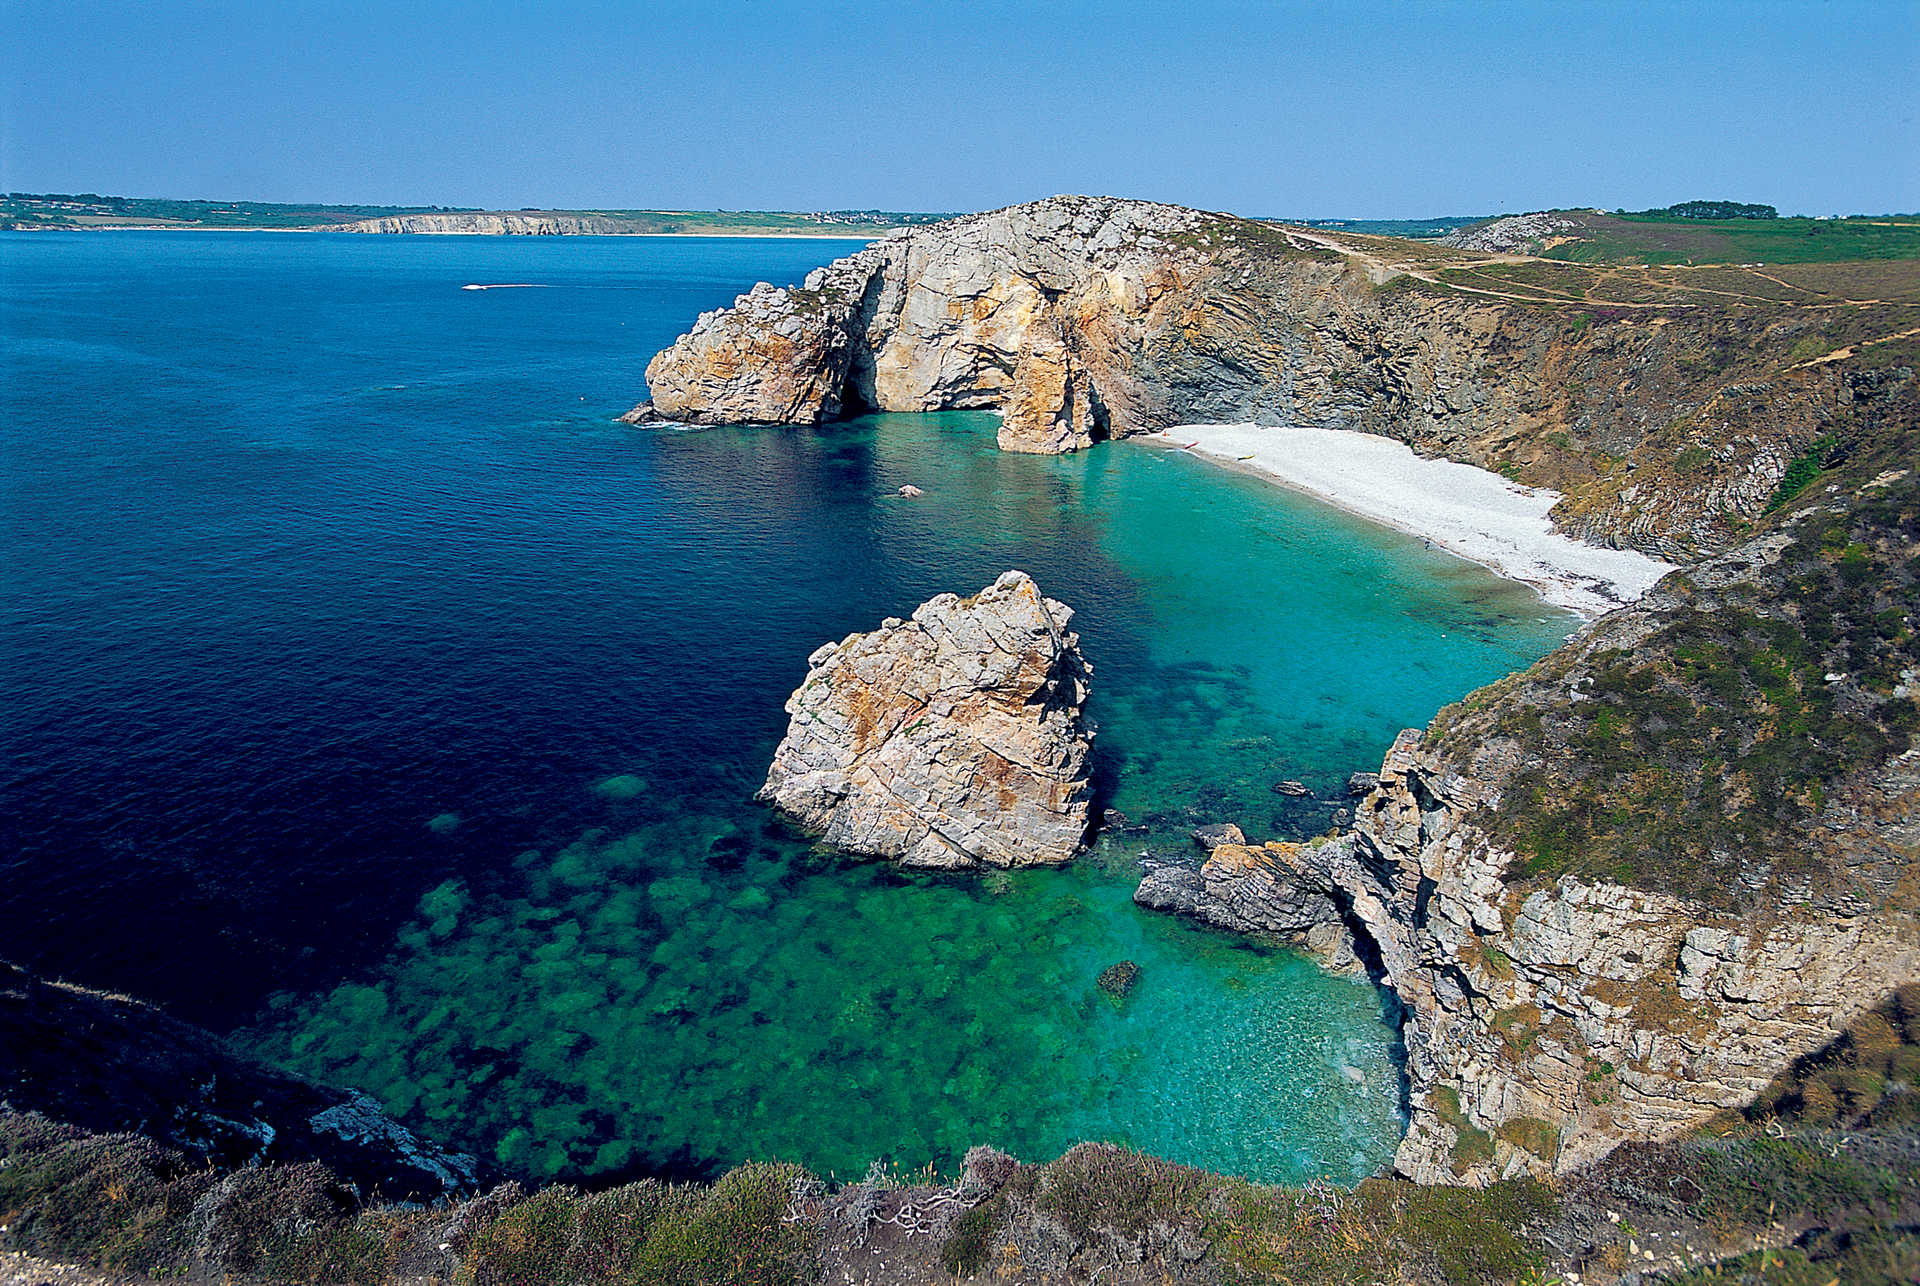 vue surplombant une plage aux eaux turquoises bordée de falaises
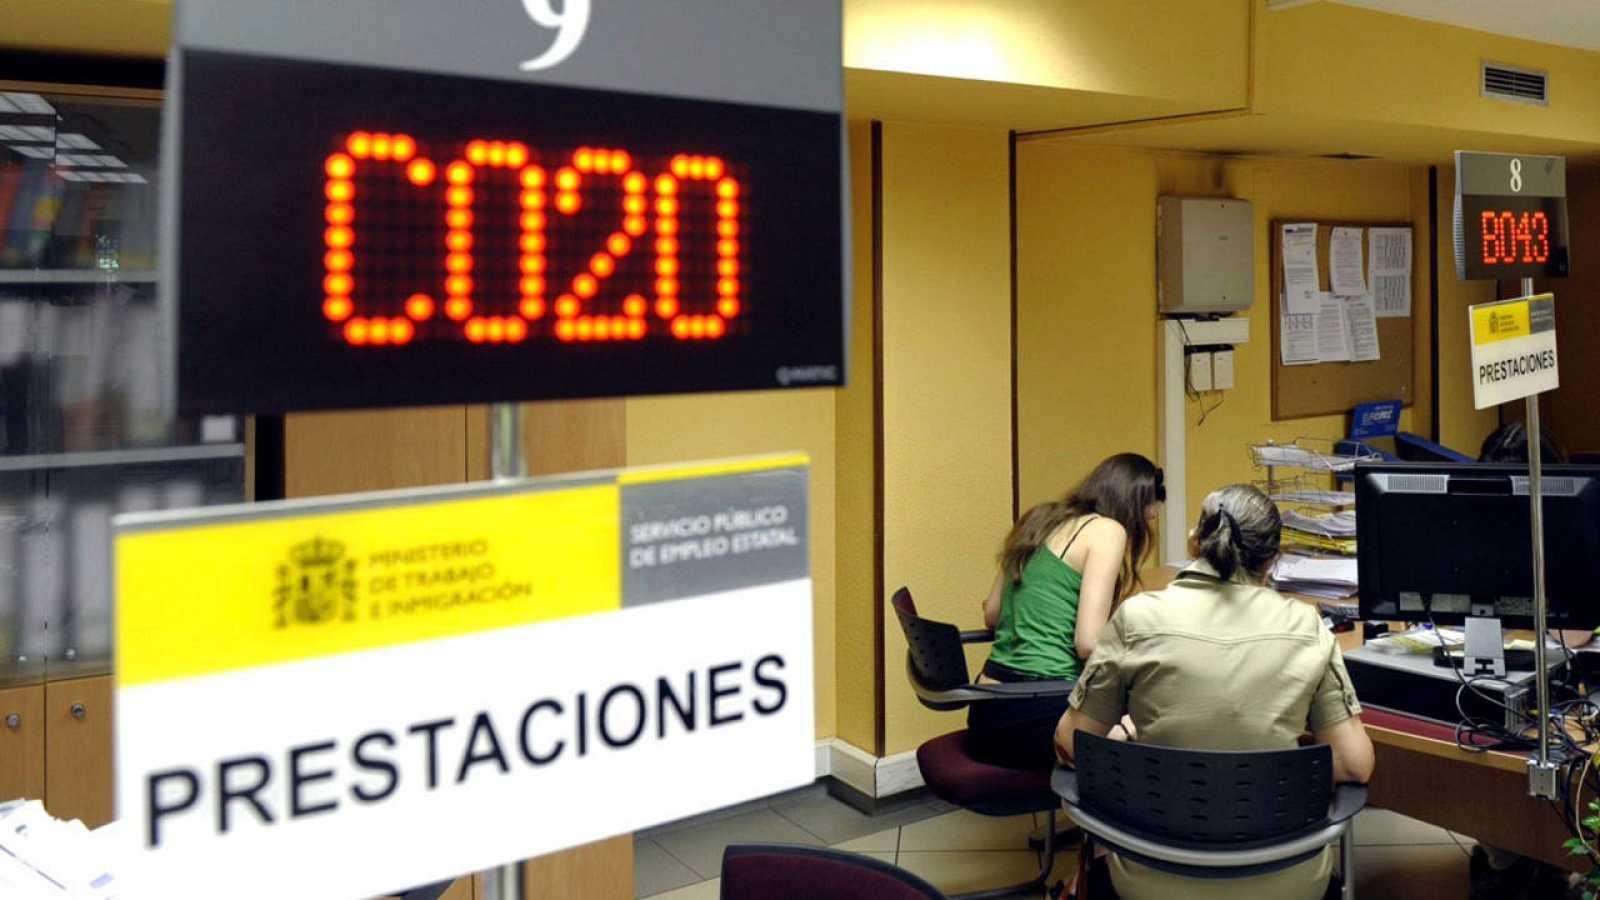 Prestaciones Por Desempleo El Numero De Beneficiarios El Mas Bajo
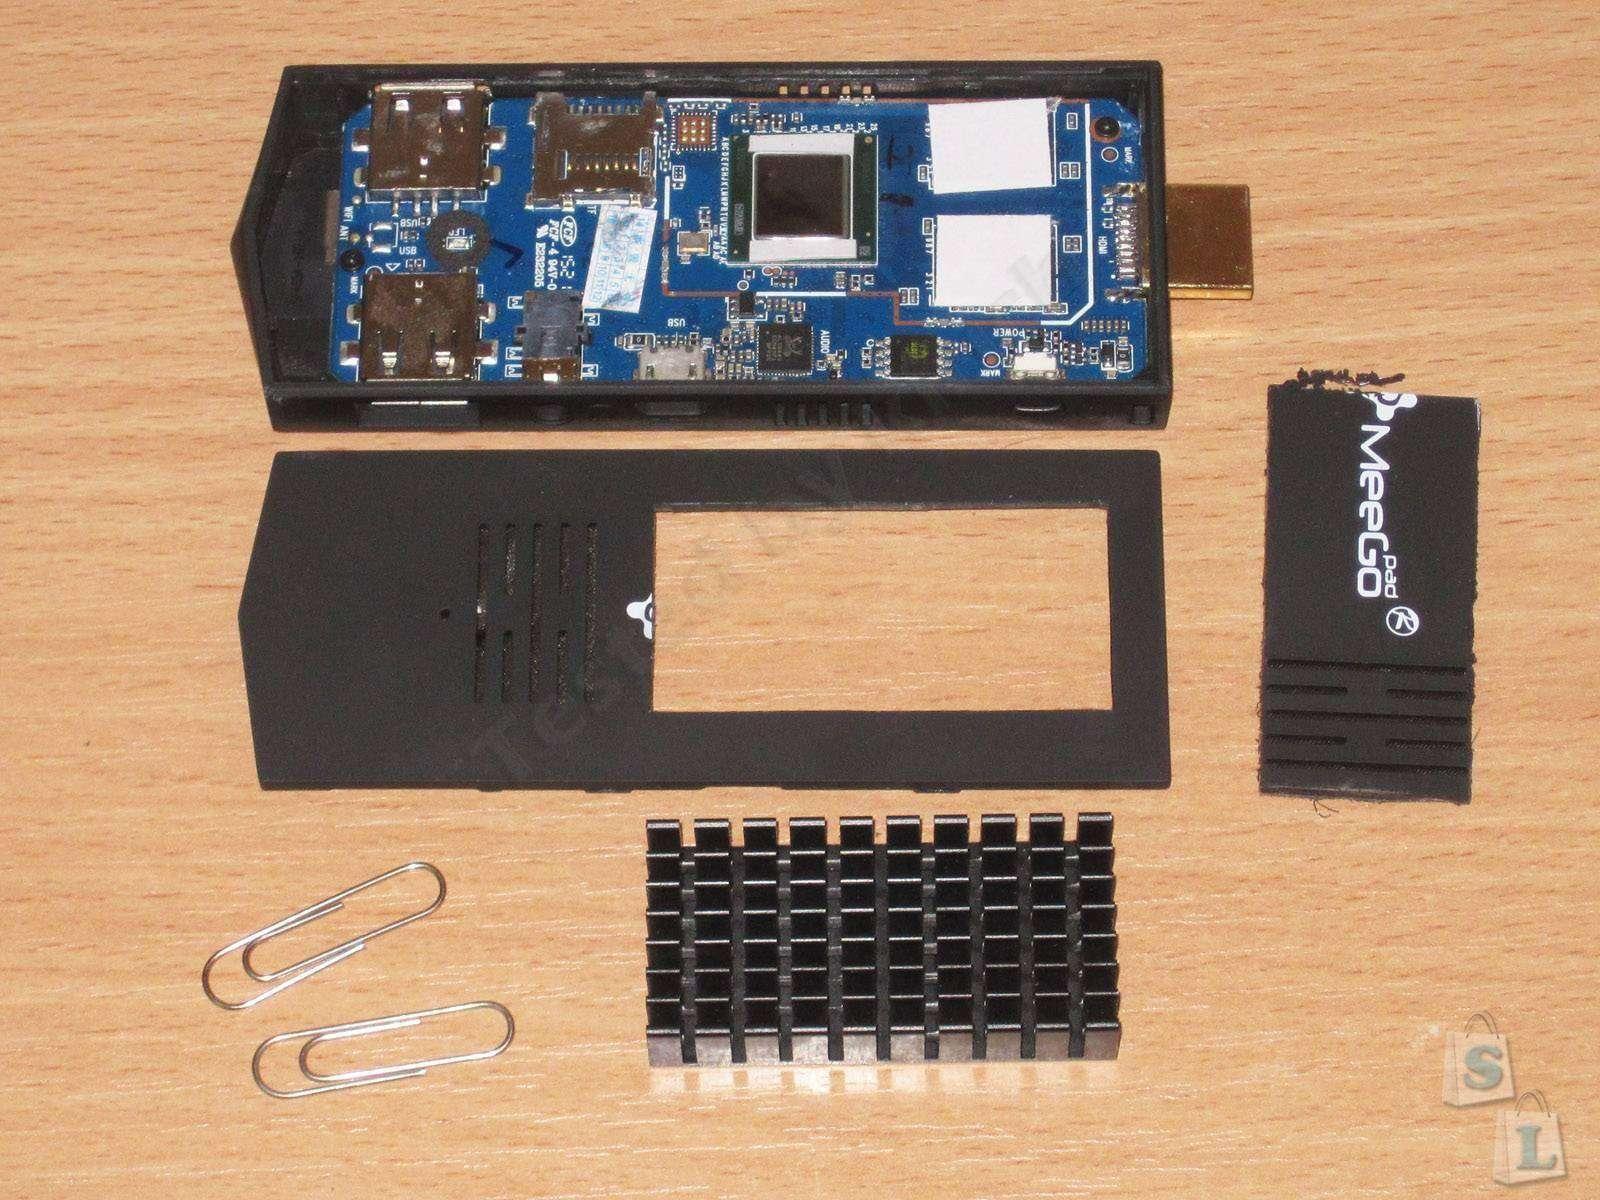 GearBest: MeeGoPad T02, почти самый маленький компьютер под управлением Windows 8.1

> TASK PROMPT: Restating the data word for word is the task, and pictures are to be omitted.

> EXERCISE OUTPUT:
 vue surplombant une plage aux eaux turquoises bordée de falaises
 Prestaciones Por Desempleo El Numero De Beneficiarios El Mas Bajo
 GearBest: MeeGoPad T02, почти самый маленький компьютер под управлением Windows 8.1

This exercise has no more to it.